The release also reflects a naming adjustment. Claude 3.5 Sonnet launched in June 2024 and received an update in October with a nearly identical name. Some users found that confusing and informally called the October version “Claude 3.6 Sonnet.” On the Claude 3.7 release page, Anthropic wrote, “Lesson learned on naming.”
Why developers are watching Claude 3.7 Sonnet
Benchmark claims in the source point to coding as the model’s strongest area. Anthropic says Claude 3.7 Sonnet achieved top scores on SWE-bench Verified, which evaluates how AI models handle real-world software issues, and on TAU-bench, which tests AI agents on complex tasks involving users and tools.
The source also notes that Claude 3.5 Sonnet had already been strong at programming tasks compared with other AI models in the author’s experience. Claude 3.7 Sonnet appears to continue that emphasis, with Anthropic highlighting early testing around software work.
For developers, the model release is not only about writing code. Anthropic has expanded its GitHub integration to all Claude plans, letting developers connect code repositories directly to Claude. The stated use cases include bug fixes, feature development, and documentation work.

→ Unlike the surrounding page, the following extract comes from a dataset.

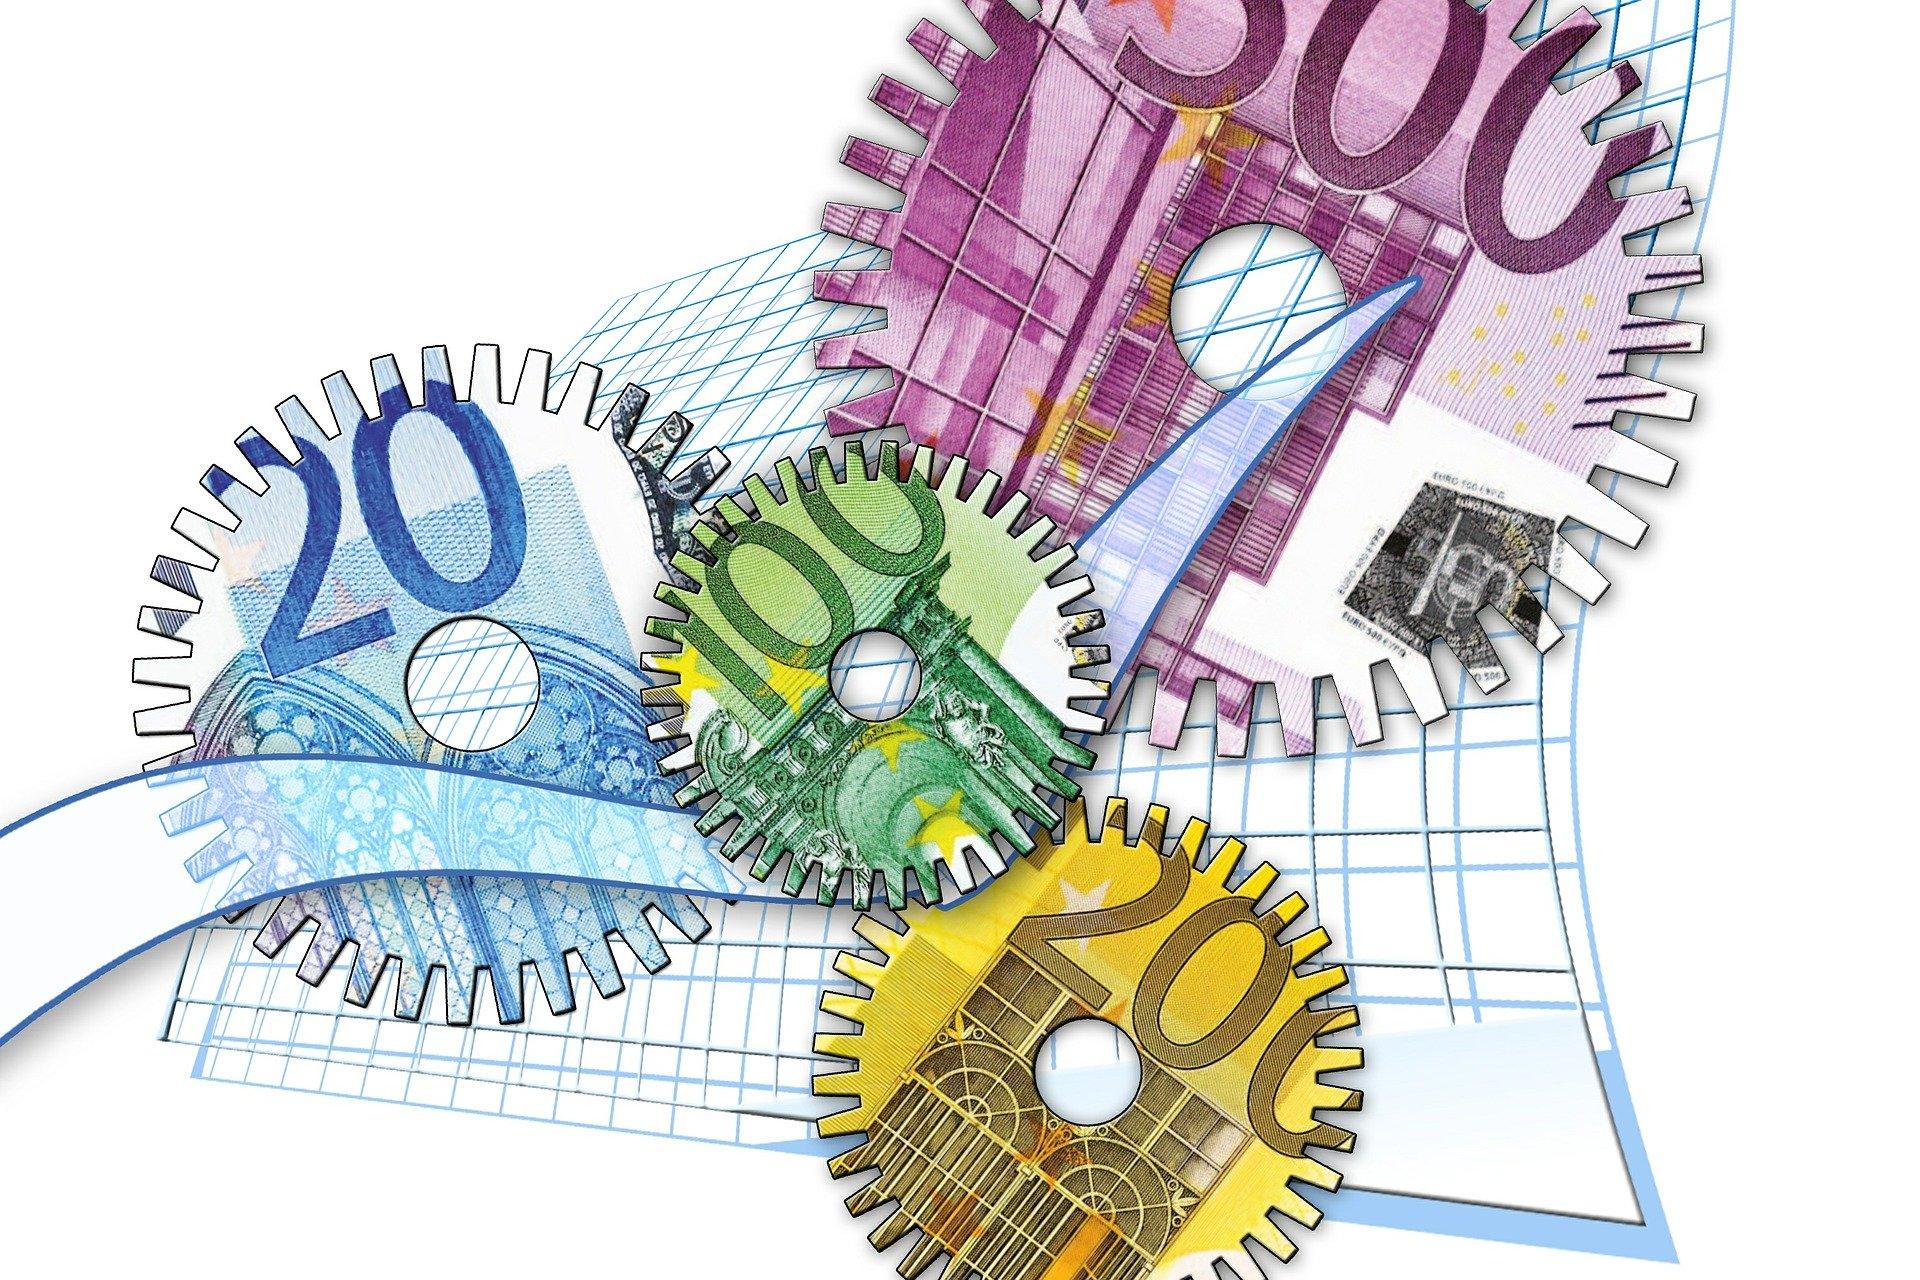 L'augmentation de capital… de quoi s'agit-il ?

That matters because coding assistants become more useful when they can see the surrounding project context. A model that can inspect a repository is better positioned to respond to real tasks than one that only sees a copied snippet.
Usage limits remain a potential question for heavy users. The source says Anthropic has not announced a subscription plan beyond the existing “Claude Pro” at $20/month that might extend them.

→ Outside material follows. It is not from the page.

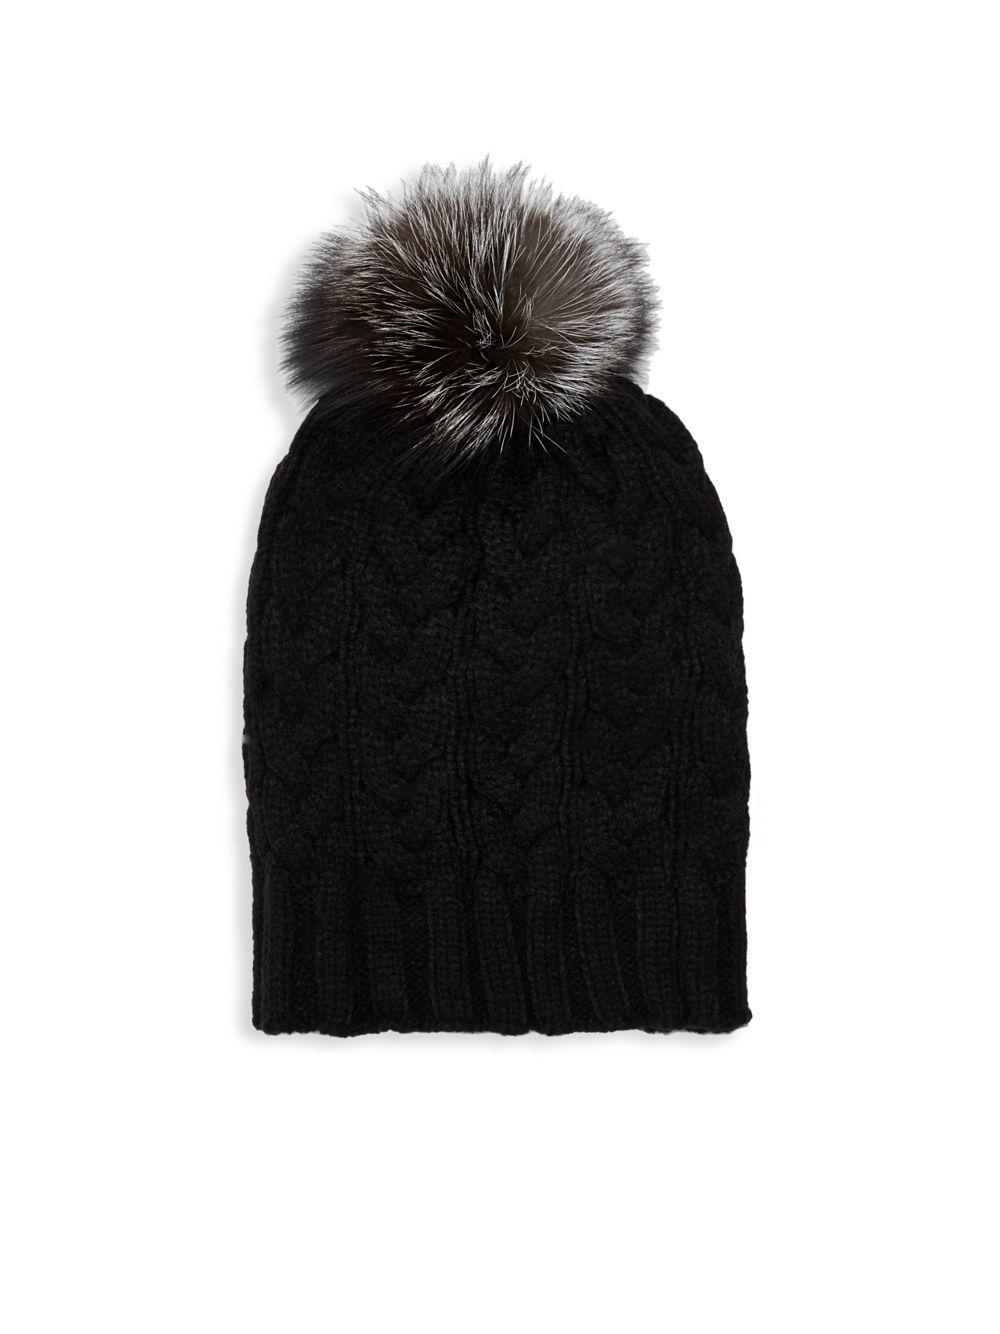 5a236c28102 Lyst - Adrienne Landau Natural Fox Fur Pom Pom Hat in Black

Claude Code brings the agent into the terminal
Anthropic’s other major announcement is Claude Code, described as the company’s first agentic tool. It runs from a console terminal and is designed as an autonomous coding assistant.
According to the source, Claude Code can search codebases, read and edit files, write and run tests, commit and push code to GitHub repositories, and execute command line tools. It is also meant to keep developers informed while it works.

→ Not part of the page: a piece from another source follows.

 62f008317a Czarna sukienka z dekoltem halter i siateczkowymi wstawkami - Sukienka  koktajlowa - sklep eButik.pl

Anthropic is aiming the tool at debugging and refactoring as well as general coding assistance. The company claims that, in internal testing, Claude Code completed tasks in a single session that would typically require 45-plus minutes of manual work.
That claim is important because it frames Claude Code less as a chat interface and more as a workflow tool. Instead of only suggesting changes, the agent can operate in the same environment where developers already inspect files, run commands, and manage repositories.
Still, Claude Code is not being presented as a finished general release. It is available only as a “limited research preview,” and Anthropic says it plans to improve the tool based on user feedback over time.
Early tests show the promise and the limits
The source includes a brief hands-on look at extended thinking. One test asked Claude 3.7 Sonnet about the origin of the “magenta” color name. With extended thinking enabled, the model gave a firm “no” followed by an explanation, which the source described as impressive in comparison with prior experience.
Another informal test asked Claude 3.7 Sonnet to compose five original dad jokes that are not found anywhere in the world. The model attempted the task, though the source left the quality of the jokes for readers to judge.
Those examples are modest, but they show the broader point of simulated reasoning models. The value is not only in getting longer answers. It is in letting the model spend more of its output budget on working through uncertainty before it replies.
Claude 3.7 Sonnet is now available through the Claude website, the Claude app, Anthropic API, Amazon Bedrock, and Google Cloud’s Vertex AI. With extended thinking, unchanged API pricing, expanded GitHub integration, and Claude Code entering preview, Anthropic is making a clear push toward AI systems that can support deeper software work rather than simple one-shot answers.